Ubuntu Service Management
Introduction
Service management is a fundamental aspect of Ubuntu system administration. In a Linux environment like Ubuntu, many processes run in the background to handle various system functions - from network connectivity and printing services to web servers and databases. These background processes are called services or daemons.
Effectively managing these services is crucial for:
- Ensuring system stability and reliability
- Optimizing system performance
- Controlling resource usage
- Maintaining system security
- Enabling required functionality
This guide explores Ubuntu service management, focusing primarily on systemd - the modern service and system manager used in Ubuntu since version 15.04. We'll cover how to start, stop, and monitor services, understand service configurations, and implement best practices for effective service management.

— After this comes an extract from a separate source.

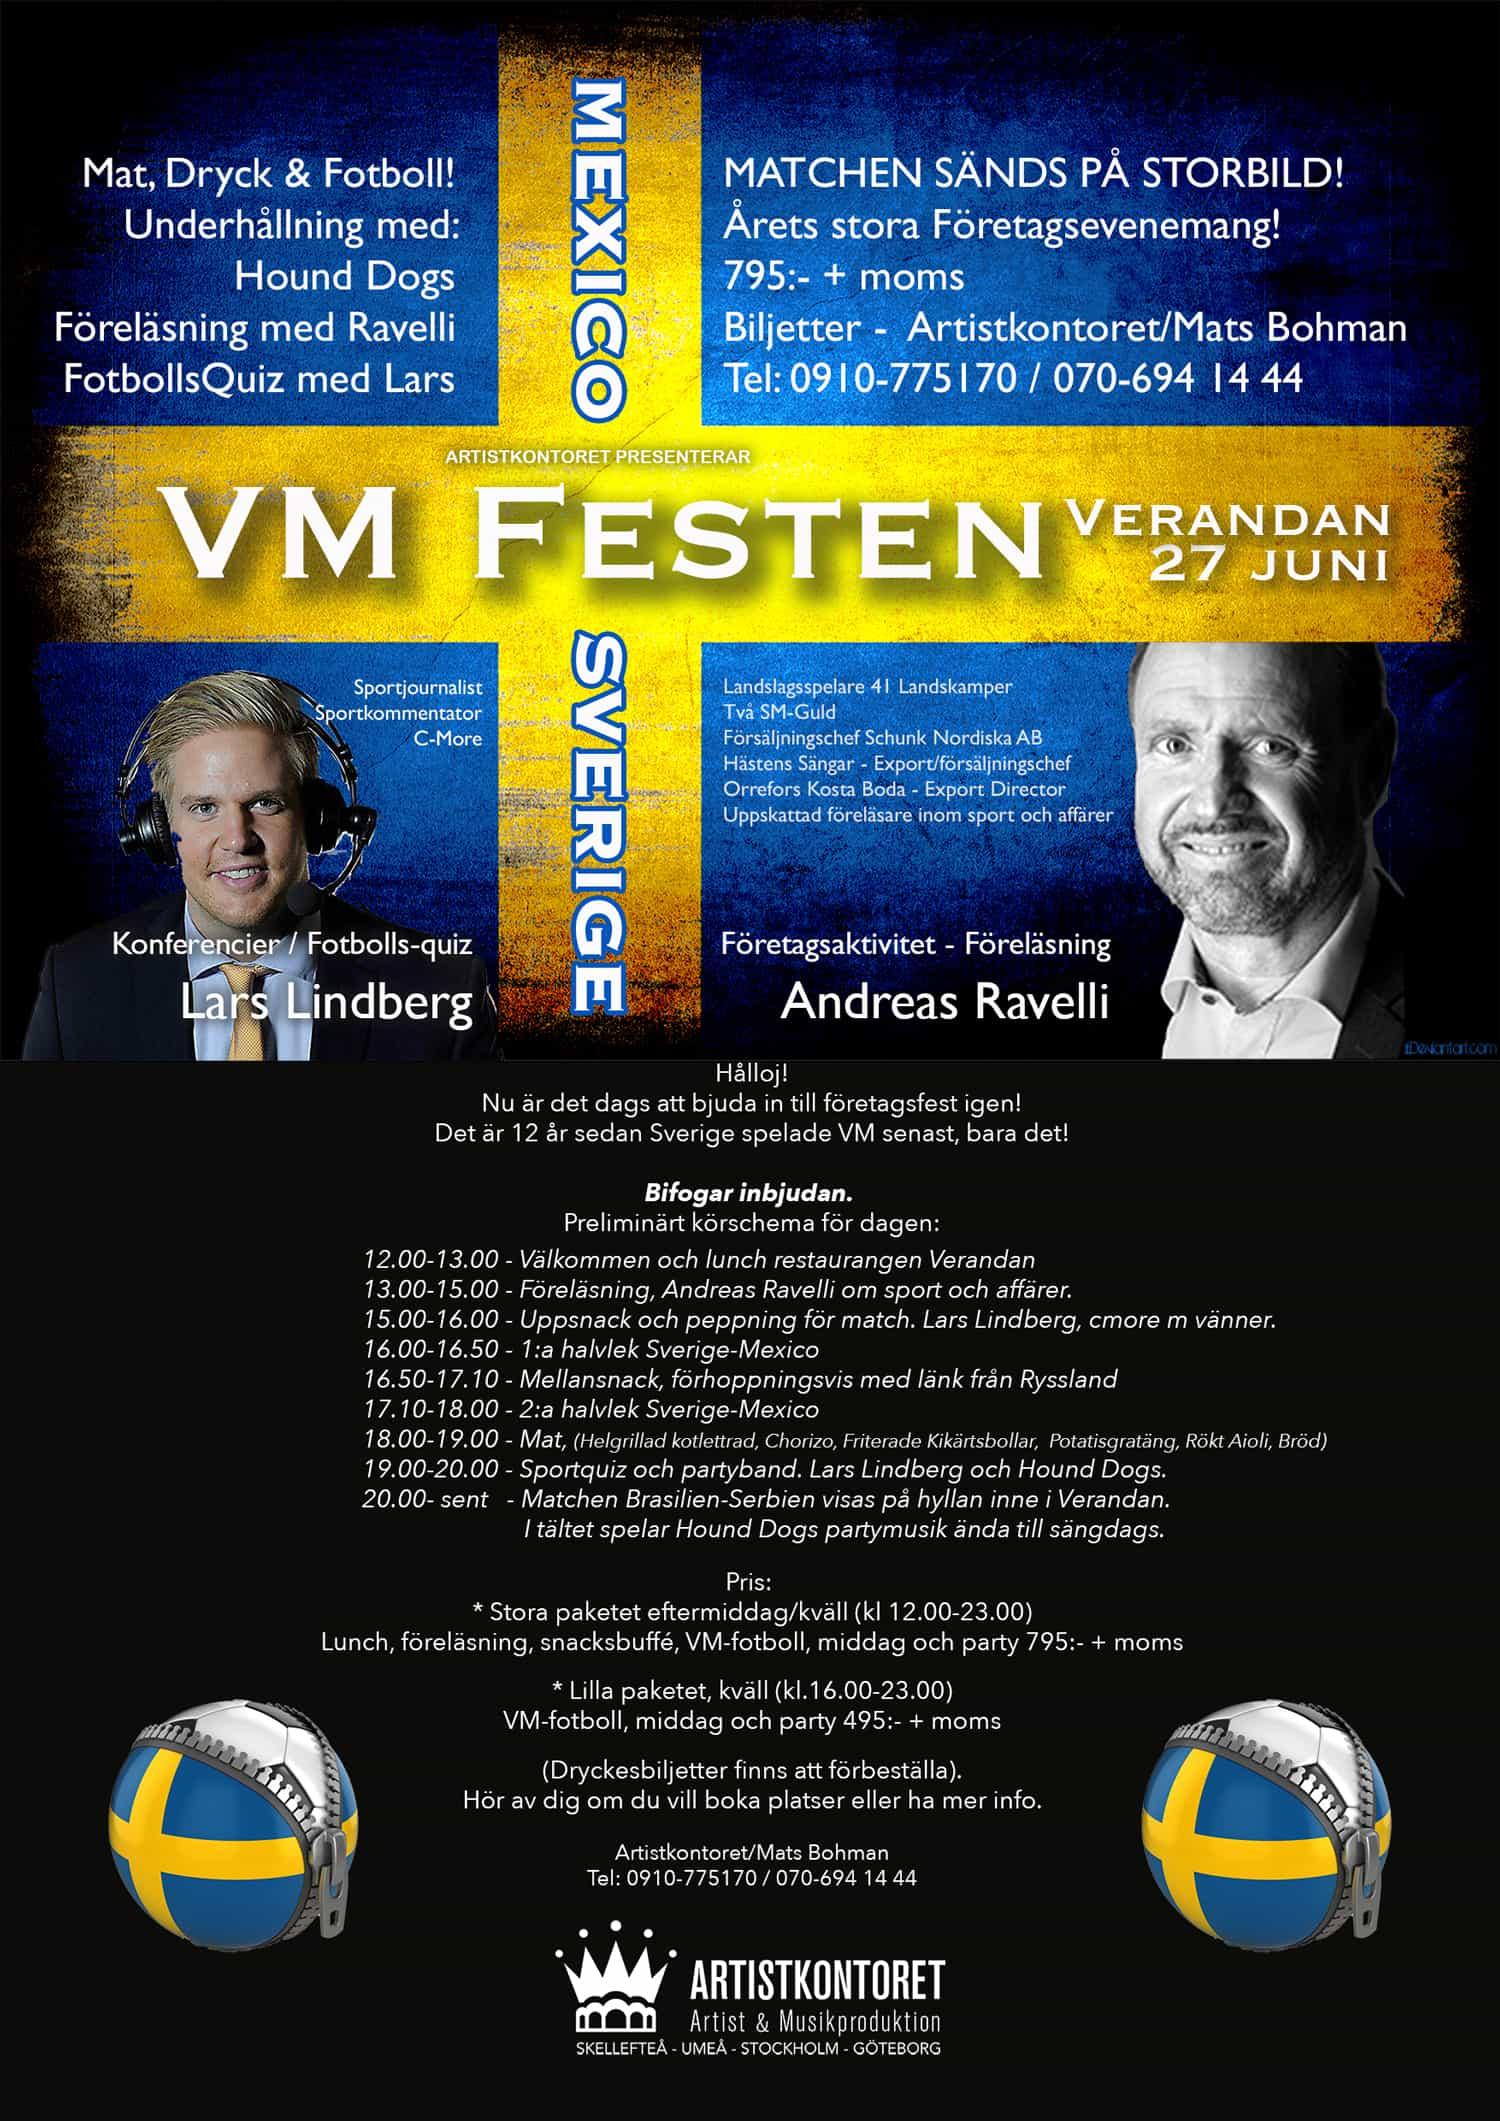 VM_FESTEN
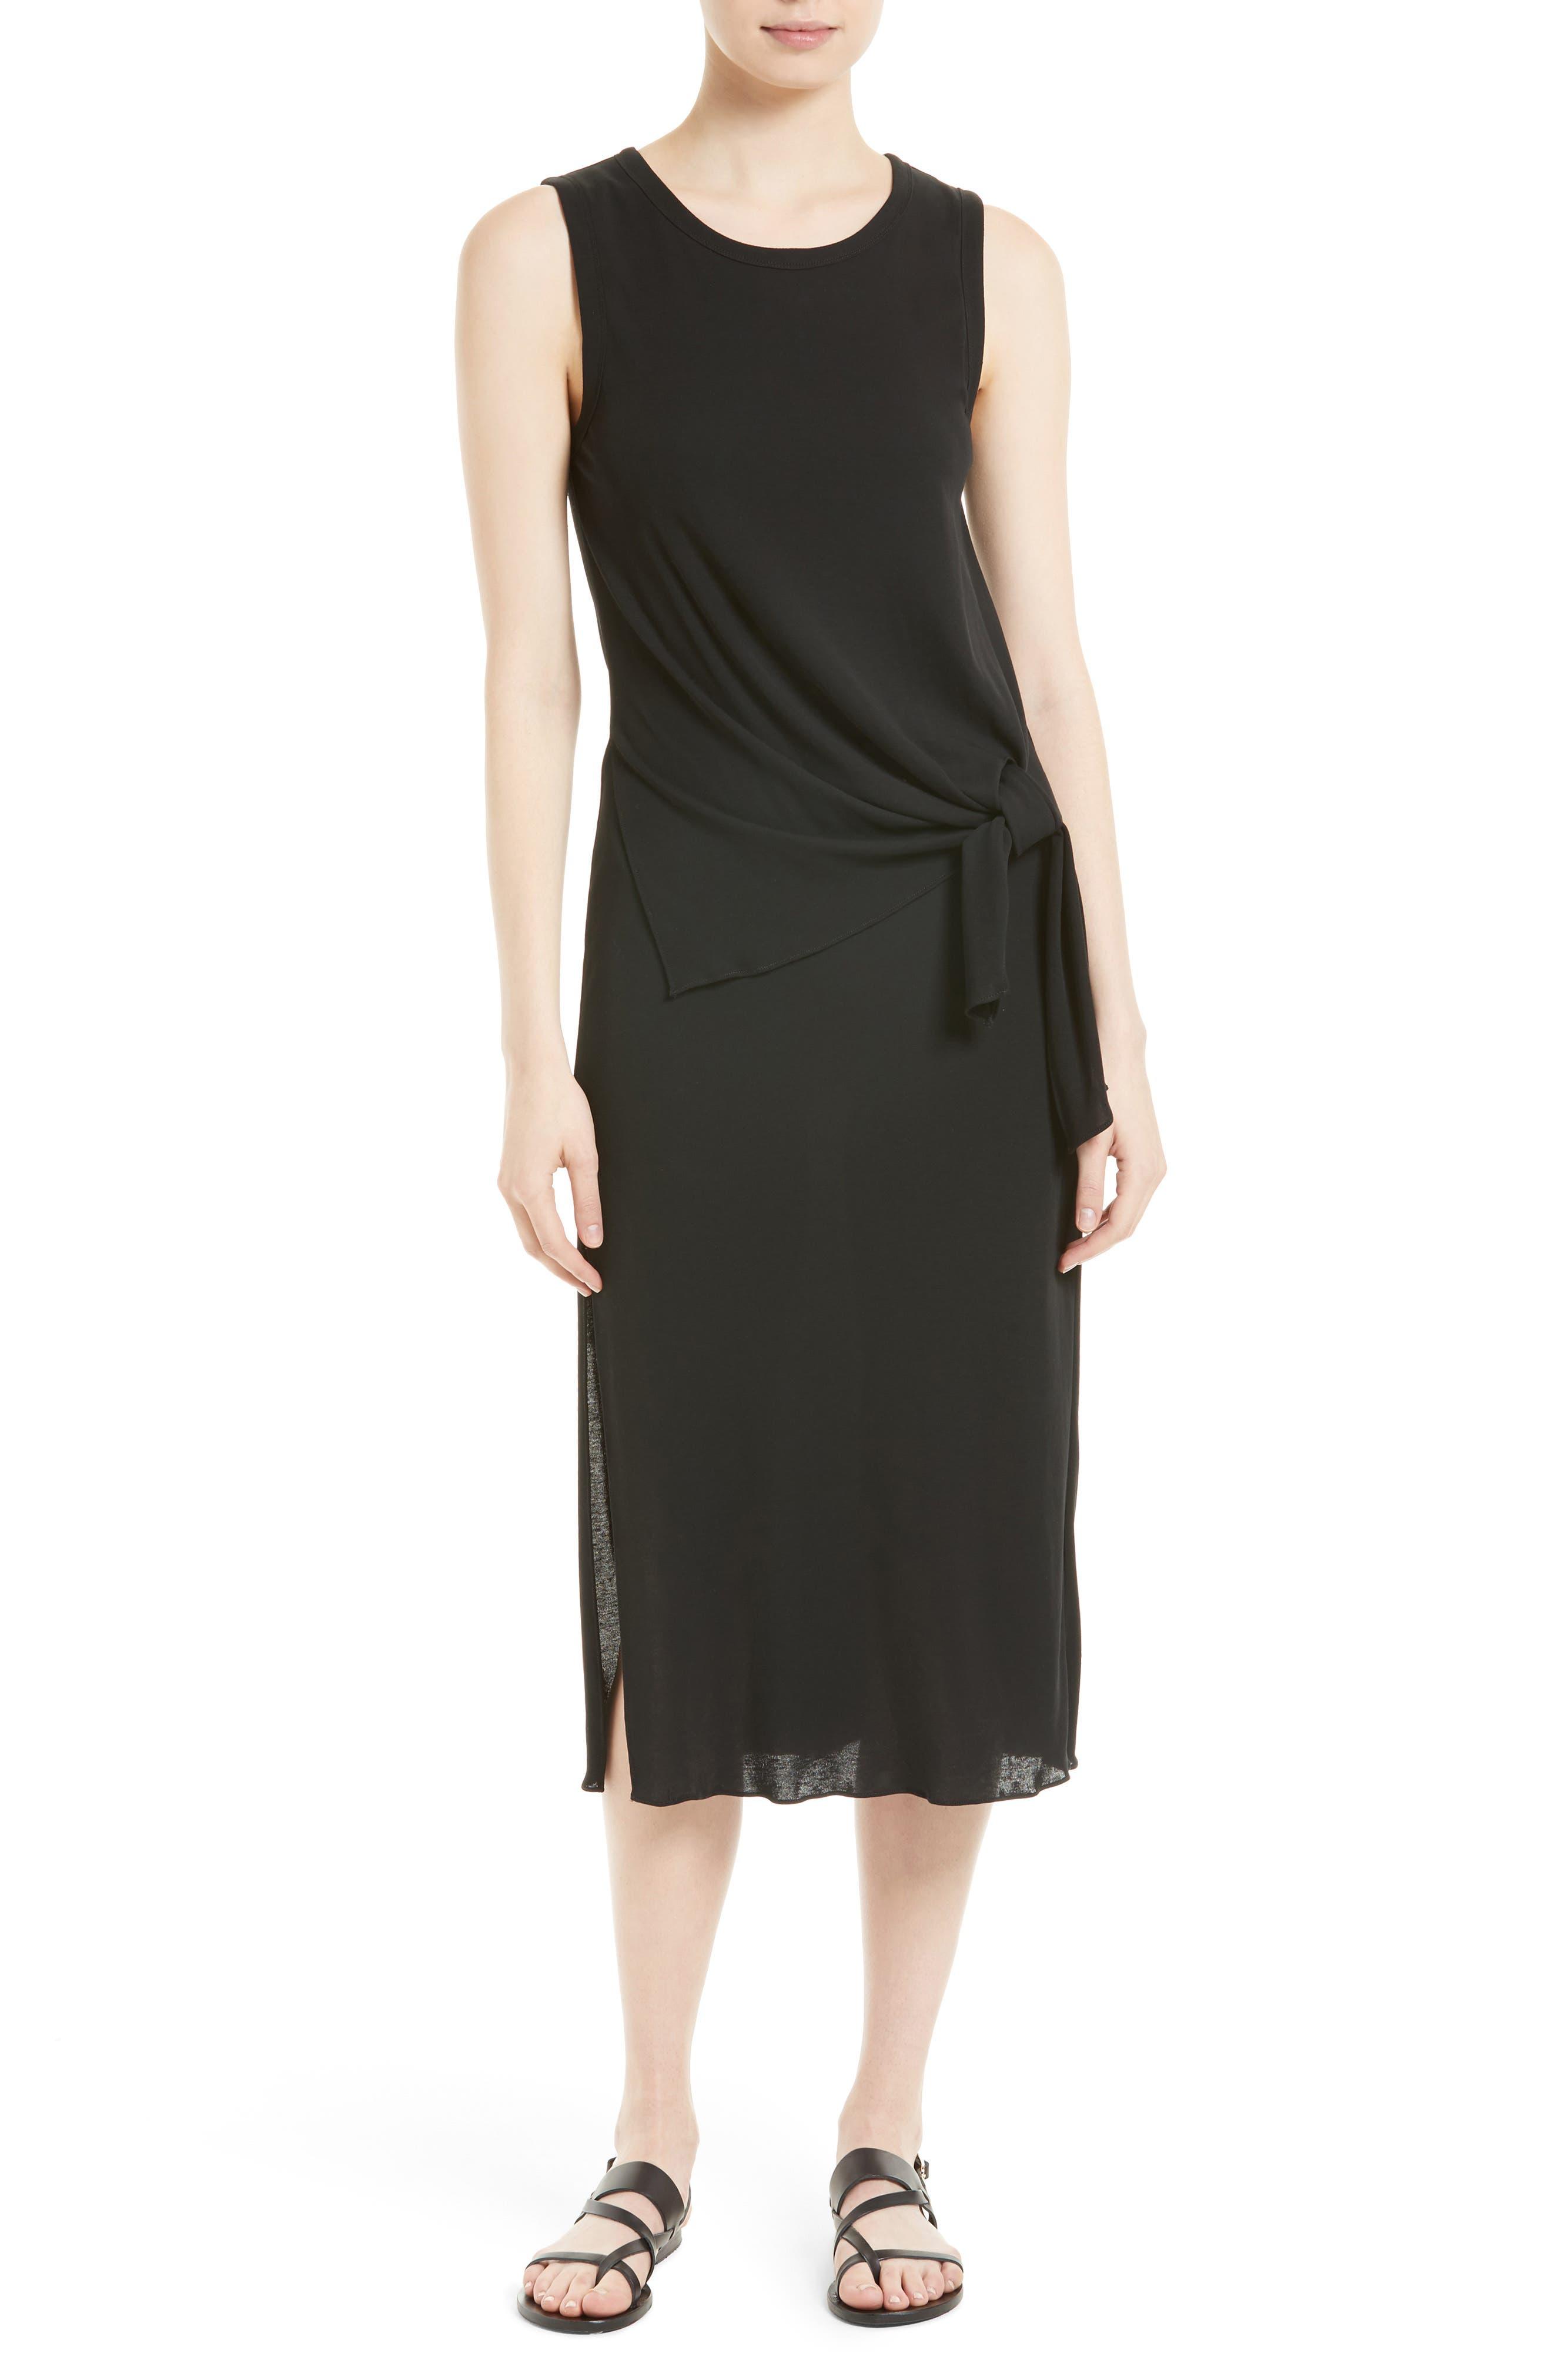 Dorotea K Tie Front Cotton Interlock Dress,                             Main thumbnail 1, color,                             001

Understanding Services in Ubuntu
What Are Services?
Services (also called daemons) are programs that run in the background without direct user interaction. They typically:
- Start automatically when the system boots
- Perform specific system functions
- Continue running indefinitely until stopped
Examples of common services include:
ssh- Secure Shell server for remote accessapache2- Web servermysql- Database servercron- Task schedulerufw- Uncomplicated Firewall
Service Management Evolution
Ubuntu's service management has evolved over time:
- SysVinit: The traditional Unix initialization system
- Upstart: Used in Ubuntu 9.10 to 15.04
- systemd: The current service manager (since Ubuntu 15.04)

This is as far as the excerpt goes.